Tomas González lo sabe. En su regreso al género, tras la sorprendente La luz difícil, retoma esa búsqueda. Entonces Temporal no solo es cotidianidad, aquellas escenas del Caribe sur. Es un sistema. Un engranaje (el escritor en una indagación de laboratorio) para dar cuenta de varios rasgos de la condición humana. Y entonces asume una tarea cuya imagen sería la de una mesa quirúrgica: disecciona en busca de las más profundas marcas. Busca respuestas, con la misma contundencia –aunque de una manera distinta, con un “cómo” distinto–, de la siquiatría, antropología o filosofía.

La compleja transición, posible por el artefacto novela. Infinita, la novela, como la vida. Pero, además de temas y personajes, ocurre en Temporal lo que corresponde a la literatura: la narrativa.

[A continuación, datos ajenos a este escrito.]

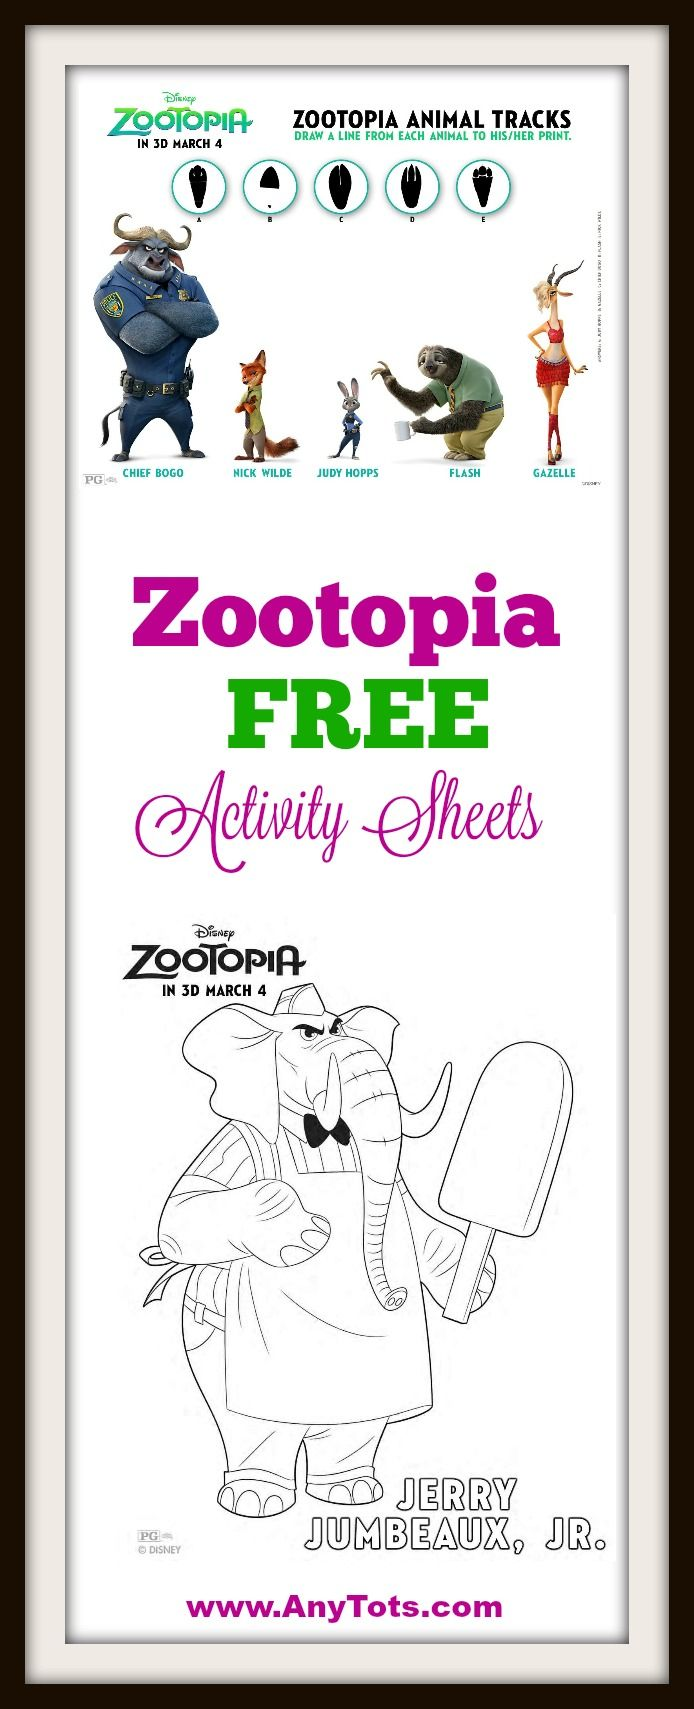 Zootopia Free Printable Coloring Sheets Visit Www Anytots Com For More Free Disney Printa Free Printable Coloring Sheets Disney Printables Free Zootopia Party [ 1709 x 694 Pixel ]

Está escrita como un diario con horas exactas pero rápidamente supera esa condición para abrirse a la polifonía: un coro de voces, como el que acompaña la mente de Nora, la madre y exesposa acosada por la esquizofrenia.

Con un narrador, que inicia a las 4 de la mañana con los preparativos de la pesca “De haberse interesado por ellas, habría admirado la red de estrellas que cubría la bóveda celeste” (página 11). Y luego los turistas, en un recurso de primera persona –un click de magia– que los hace testigos y personajes “Yo soy el turista que se protegía del solazo del mediodía en su tienda de campaña, y a ratos leía y a ratos miraba el mar” (página 51). Y los delirios de la enfermedad que se suman para contar una historia que ocurre en la siquis “Lancha, lancha —dijo el perro” (página 43).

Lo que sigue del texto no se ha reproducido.